THE VFA PIONEER HISTORIES PROJECT

Gail Harmon

“The Emphasis on Women’s Empowerment and Autonomy was Central to My Thinking.”

Interviewed by Judy Waxman, January 2020

JW:  This Judy Waxman and I’m interviewing Gail Harmon and  we’re in Washington, D.C. at her office. Gail, we start with your full name and where and when you were born.

GH:  My full name is Gail McGreevy Harmon and I was born in 1943 in Kansas City, Kansas.

JW:  What was your life like before you learned about the women’s movement?

GH:  The language that people use now would very much describe my childhood, which is white privilege. I grew up in a very sheltered, comfortable suburban area of the Middle West. I had lots of personal advantages. I was always someone who was a bit of a rebel and a bit of an iconoclast. Before I knew about the women’s movement, I was always someone who chafed one way or another at the restrictions on women.

The most amusing and early example is a nursery school report that at 3, I’d liked to run and gallop with the little boys. And when I was in middle school or maybe late elementary school, I was very frustrated with the Girl Scouts. My brother in law had been an active Boy Scout, and I couldn’t understand why we couldn’t be Boy Scouts, or why we couldn’t have the range of activities that the Boy Scouts had. It was a lot of frustration along those lines. You know, that wasn’t the only part of my growing up. But it was certainly part of it.

JW:  And when did you learn about the women’s movement and get involved?

GH:  I would say in college. I went to college from ‘61 to ‘65, so that’s the very beginning of the second wave of the women’s movement. My friends and I talked about it, were interested in it. I remember that I wrote a long paper on a woman psychoanalyst and I wish I could find it now. I was very interested in that part of feminism. Also, it was a time of political awakening. I had friends who were very involved in SDS, I sort of flirted with that a bit during college so that the intersection of other progressive activities and the women’s movement was just part of my life at that time.

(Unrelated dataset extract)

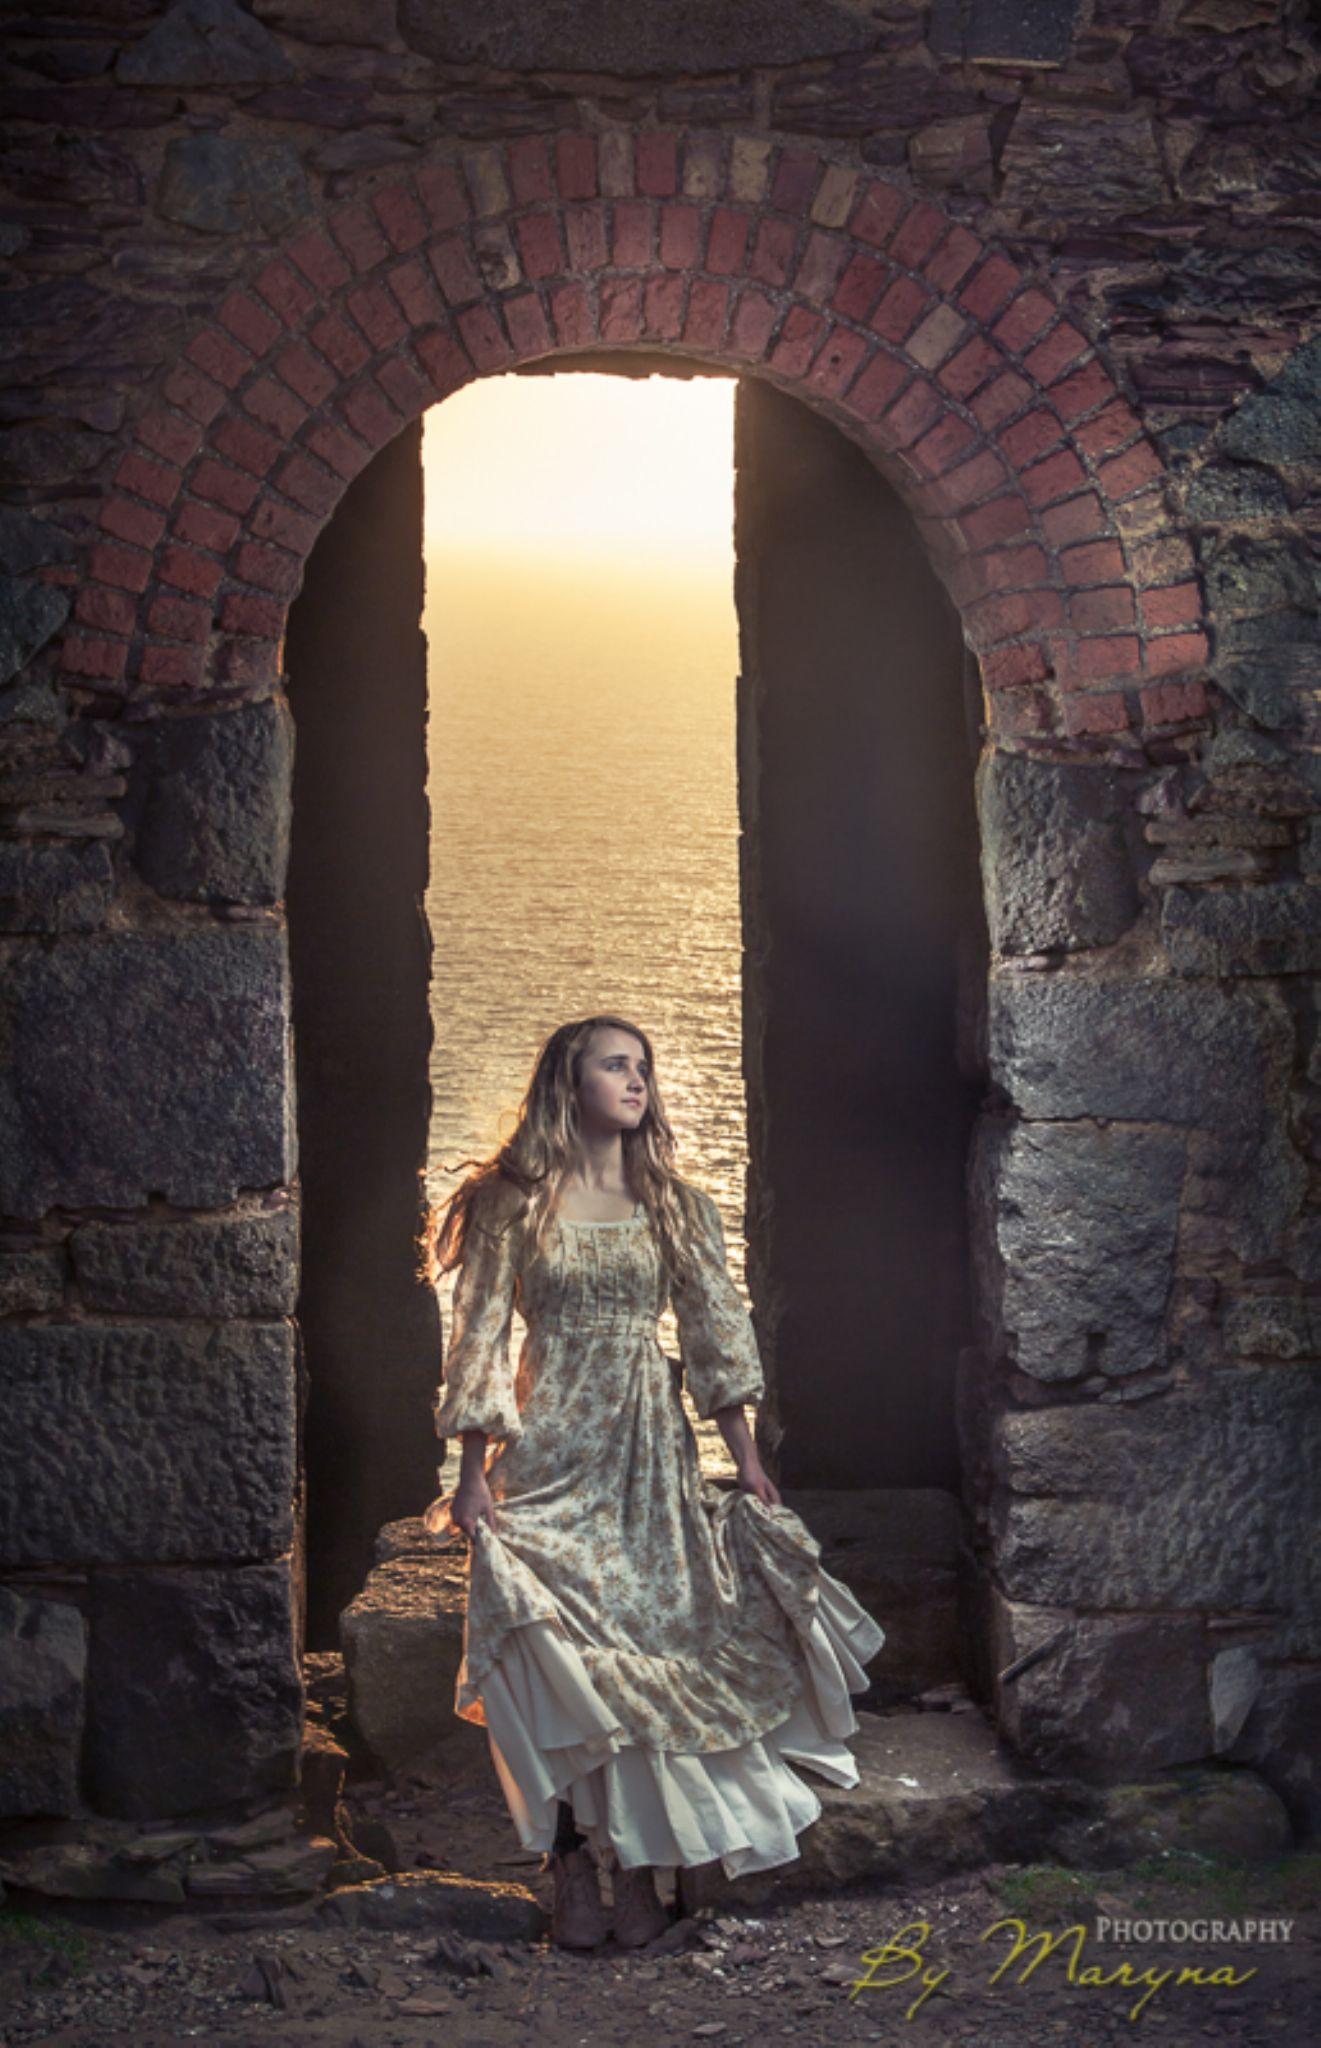 Tales from long ago. Cornwall by Maryna Halton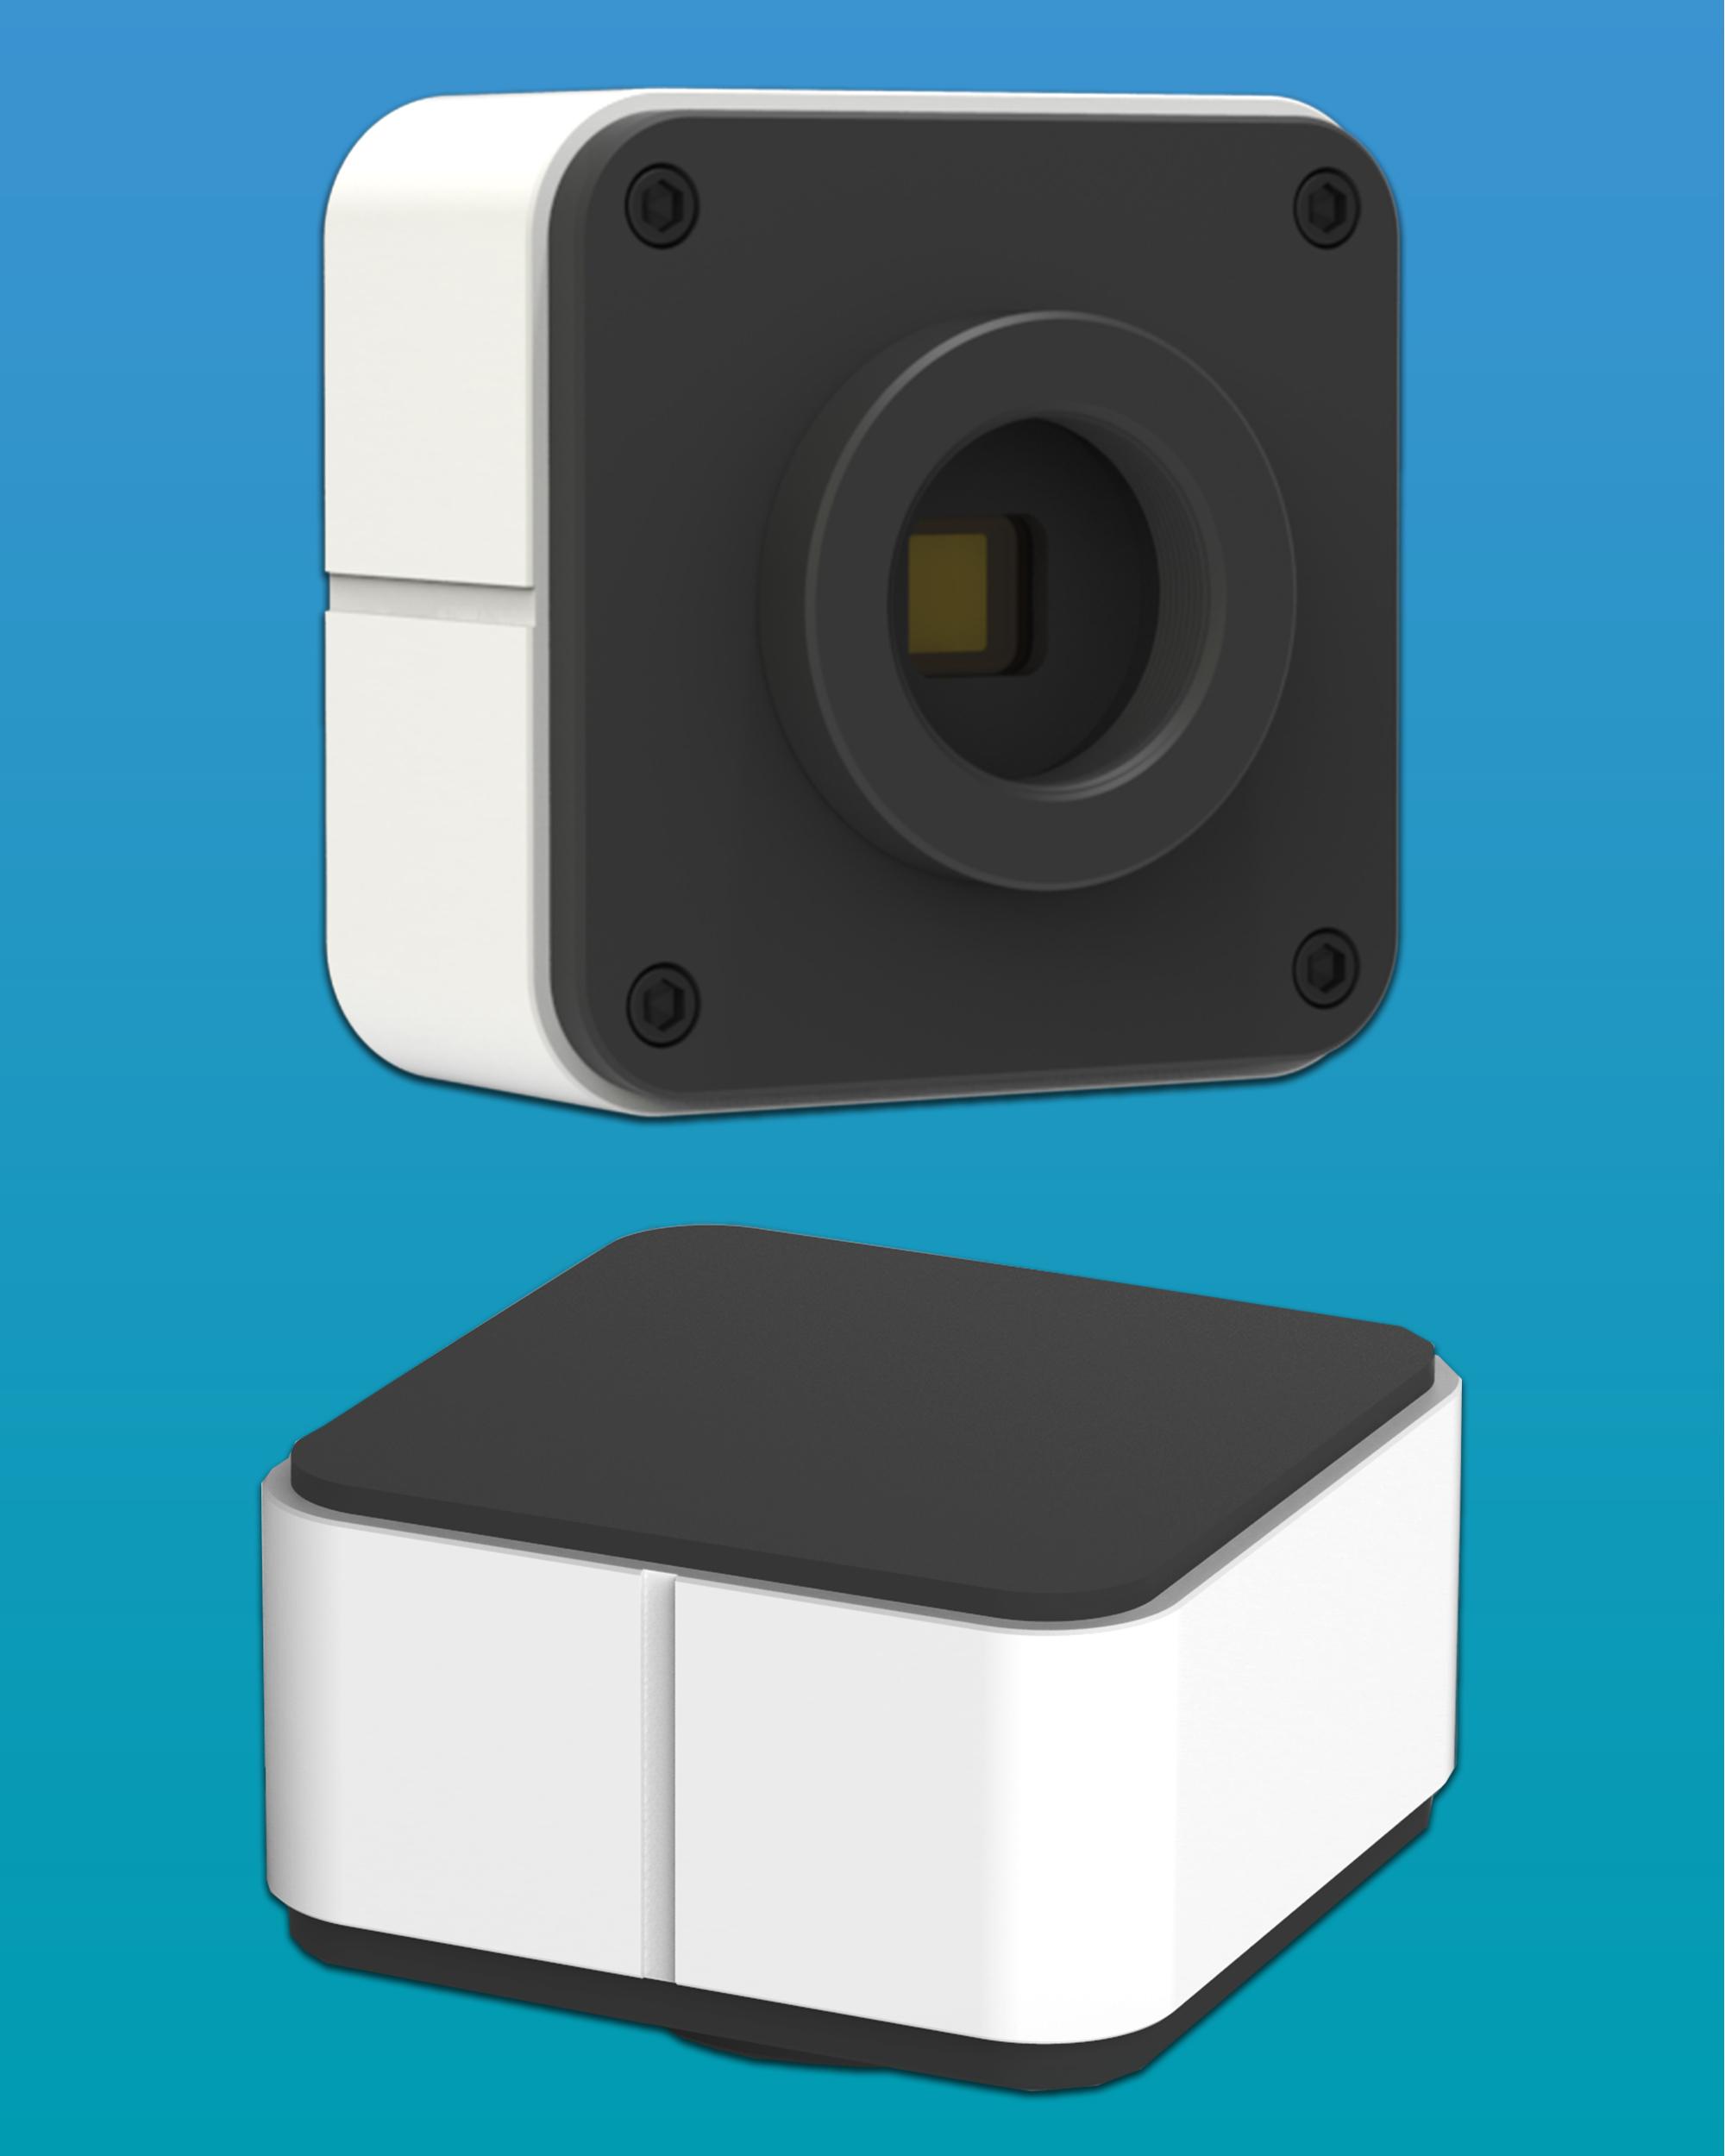 [LC-35] 5MP USB2.0 Graphics Accelerated Microscope Camera

JW:  Did you go right on to law school?

GH:  After one year. I was trying to decide whether I wanted to be a psychologist or a lawyer. I got a job in Boston giving psychological tests, which was enough to turn me off of psychology. And so, then I went to law school. Another thing that is not really women’s movement but is sort of women’s empowerment is my decision to go to Radcliffe.

It had been well expected that I would go to Vassar. I just realized I would not be happy in an all-women’s college, removed from the big city, and where the emphasis was on having a date or going away for the weekend. I knew I’d be very unhappy there with the different pressures that would be put on me. I opted to go to a co-educational college, of which there weren’t a lot at that time.

JW:  Radcliffe was pretty integrated then.

GH:  All our classes were with Harvard, all our exams. It was integrated totally academically. There were things that were terrible, like there was a library we couldn’t enter that had the books on reserve from our classes and we couldn’t go in it because it was only for men. This was in ‘61 through ‘65 and it was much later, 25 years later, I felt the real impact of that. I’ve a very specific memory of walking to my office from the bus stop, my husband also was in the same class in college, and we were going to a 25th Reunion event.

And it suddenly hit me that I was going as a wife and not as a graduate. I’m walking down the street with tears streaming down my face and remembering things like not being able to go to my library. Just the humiliation of it in many ways. And indeed, I went to this event and my nametag did not say ’65. It said Gail Harmon. People would say, you look familiar. I said, yes, we were in the same class.

JW:  That was because it was a Harvard reunion?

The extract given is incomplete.